In the evening, when I turn off the screen, there is residual light on the wall, like dust of colors. It's a commonplace phenomenon, but it follows me down the hall. I wondered if our lives were not made of this light: remnants of stories seen, of borrowed dialogues, of music that sticks to gestures. We sometimes say that films “escape” us, that we forget everything. This is false. We forget the plot, yes, but we keep things more secret: a way of entering a room, a way of holding a cup, a courage borrowed from a character, a word that we would not have dared to pronounce without having first heard it from the mouth of another.
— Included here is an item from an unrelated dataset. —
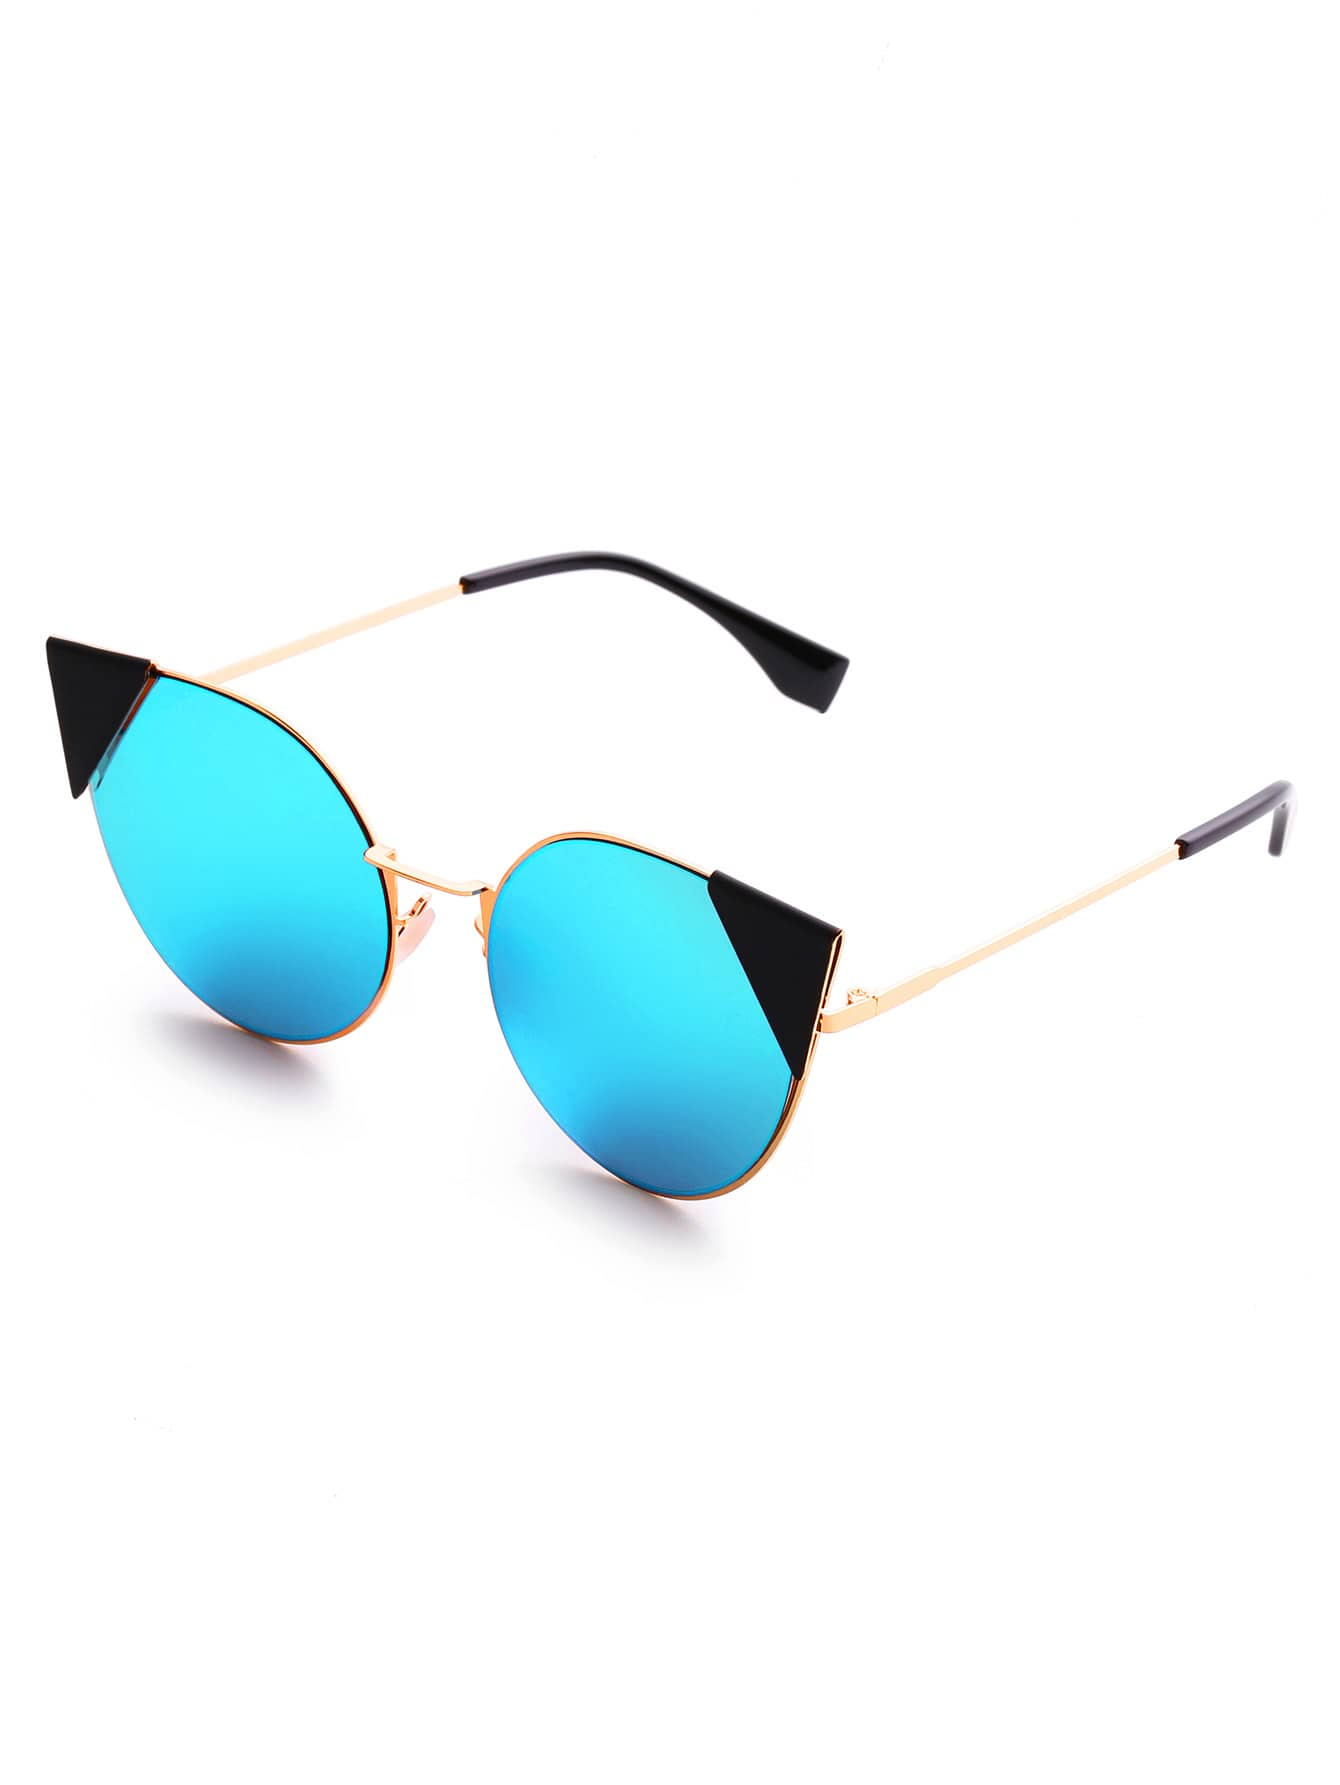 Flash Lens Cat Eye Sunglasses sunglass170706307

And here is the point that bothers me as March 15 approaches: it is not the question of knowing which film “deserves” a trophy. It’s knowing what value I place on my attention. When I give a film two hours, what am I really giving it? A break? A leak? A sentimental education? A mirror? I would like to believe that I choose my images. In reality, I negotiate with them. Some elevate me, others distract me, others tire me; and sometimes a tiny scene—an actor hesitating before responding, a shot of a window, a trembling voice—makes me more present to my own life than all the big statements.

This is perhaps the real reward: not a statuette, not a prize list, but this intact capacity to be touched by a detail. As long as I can still put down the remote, stay, watch, and feel that an image teaches me something about how to live—then cinema, in its own quiet way, continues to hold me. And if one day I'm no longer capable of that, the problem won't come from the screens. It will come from me: from the place where I let my attention be stolen silently.